South African citrus exports to India continue to show strong growth, rising nearly 85% in 2025 as the industry steps up efforts to expand its footprint in one of Asia’s most promising markets.
Southern African Citrus Growers’ Association (CGA) chief executive, Dr Boitshoko Ntshabele, writing his latest weekly newsletter from India, said a business delegation visited New Delhi as part of FruitSA’s annual market access mission last week.
“The delegation held constructive discussions with representatives from India’s Ministries of Agriculture and Commerce. Discussions were encouraging and focused on making progress and finding opportunities to work on matters of joint interest for South Africa and India.”
India’s Brics chairmanship this year and the upcoming Africa-India Forum Summit are expected to create further momentum for trade. India is one of the few Asian markets recording positive growth in South African export volumes, supported by market development investments by the CGA.
Ntshabele noted that India, with the world’s largest population – more than 1.47 billion – and a growing middle class willing to pay for premium produce, fitted well with the industry’s campaign: “Beautiful Country, Beautiful Fruit, Exceptional Taste.”
He congratulated Sweet C on winning Fresh Produce India’s market campaign award for mandarins.

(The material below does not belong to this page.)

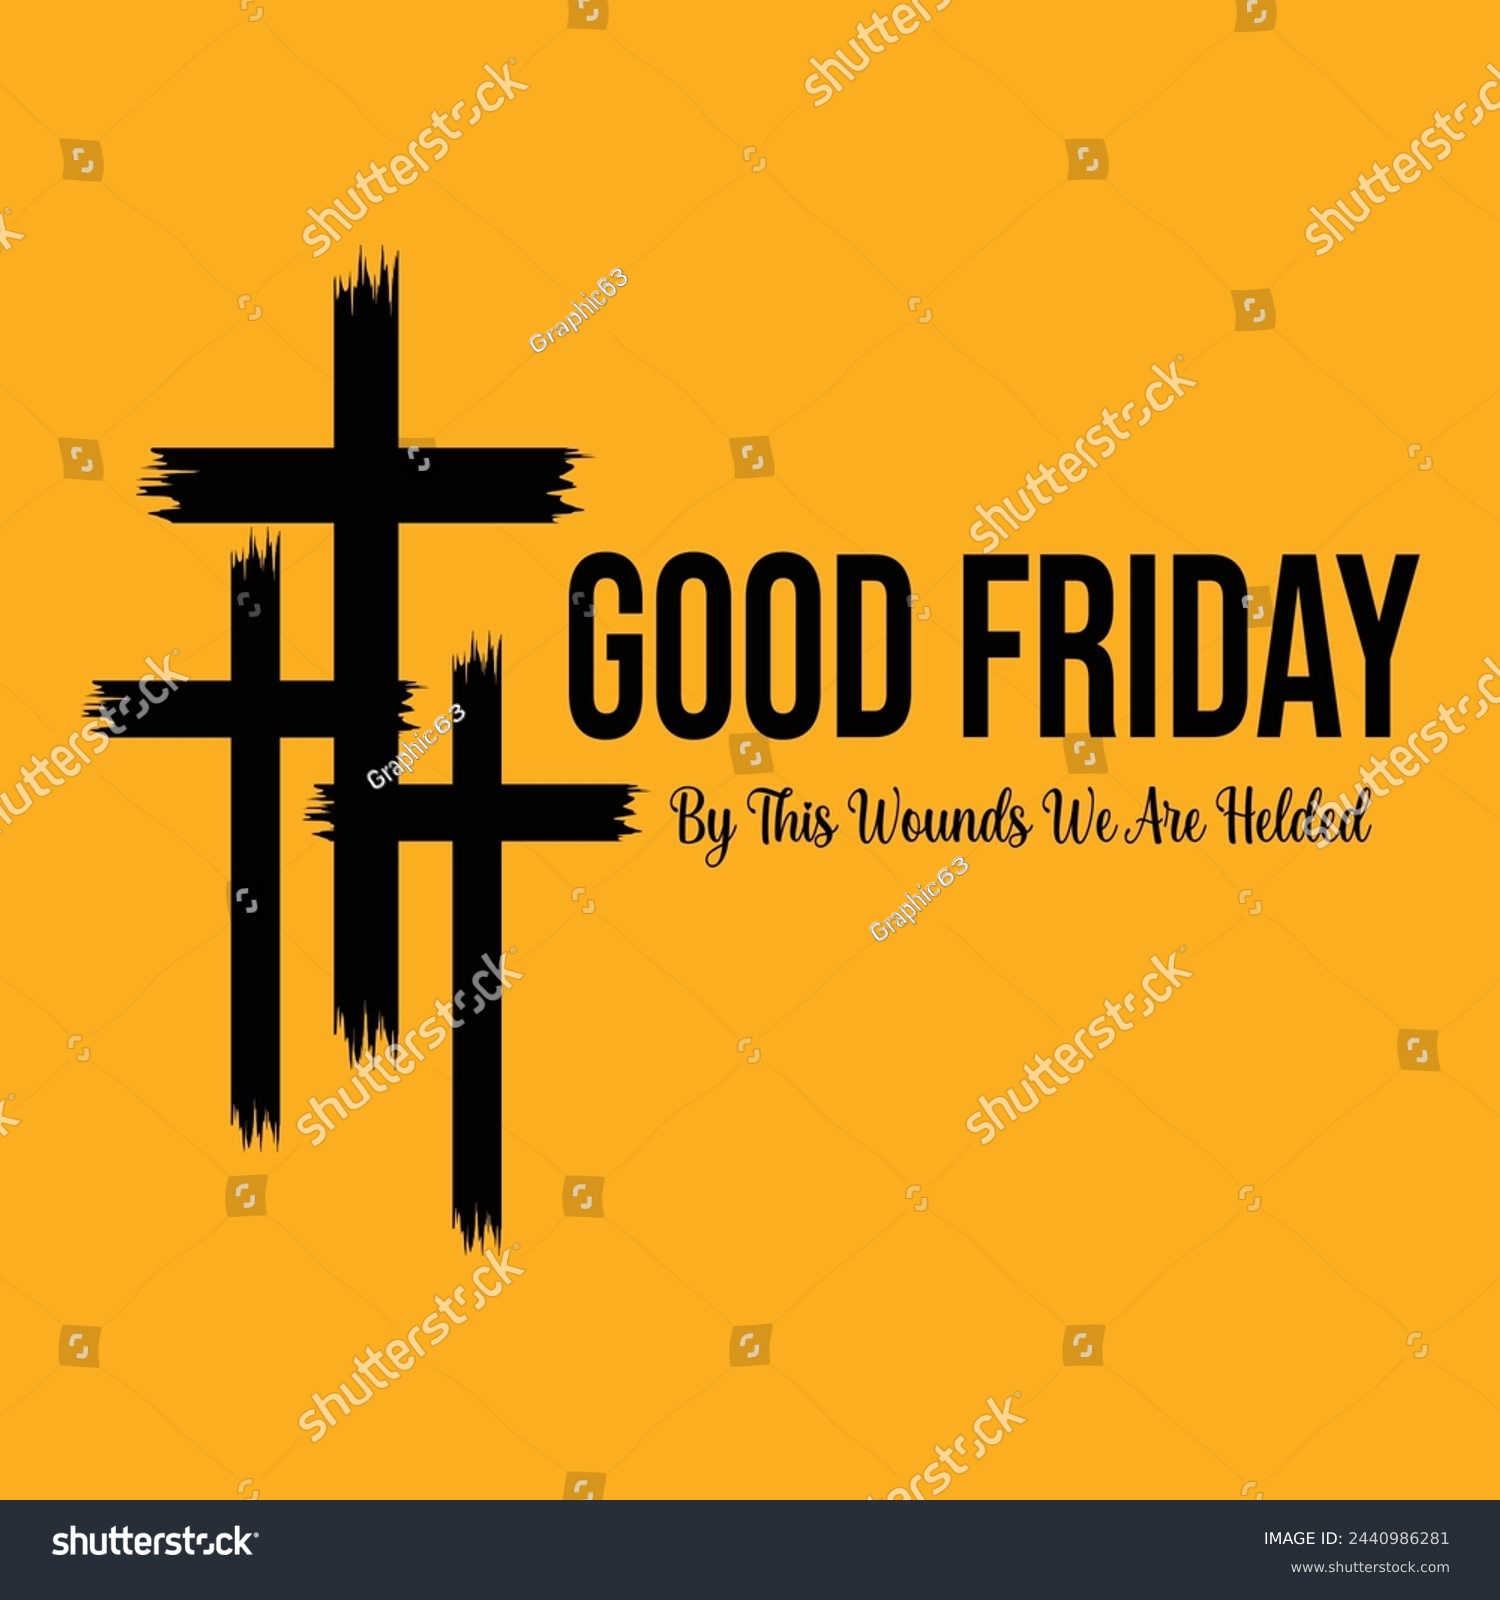 SVG of Good Friday 29 March. Good Friday By This Wounds We are Helded. Motivational Typography Quotes Print For T Shirt, Poster, Design Vector Illustration. svg

“Brand-specific initiatives like this play an important role in building awareness of South African citrus and expanding consumer appetite across the category.”
Ntshabele said importers in India remained optimistic, particularly for mandarins, with steadier gains expected for oranges. This growth is especially timely as conflict in the Middle East – a market that typically absorbs around 19% of South Africa’s citrus exports – continues to disrupt global trade flows.
The South African citrus industry is projecting total exports of up to 215 million cartons this season, up from 203.9 million last year, driven by strong growing conditions and new orchards coming into production.
Ntshabele said fruit quality remained excellent despite some harvest delays caused by intermittent rainfall in some northern regions.
At the end of week 16, total packed volumes stood at 14.8 million 15kg cartons for the 2026 season, compared with 12 million in 2025.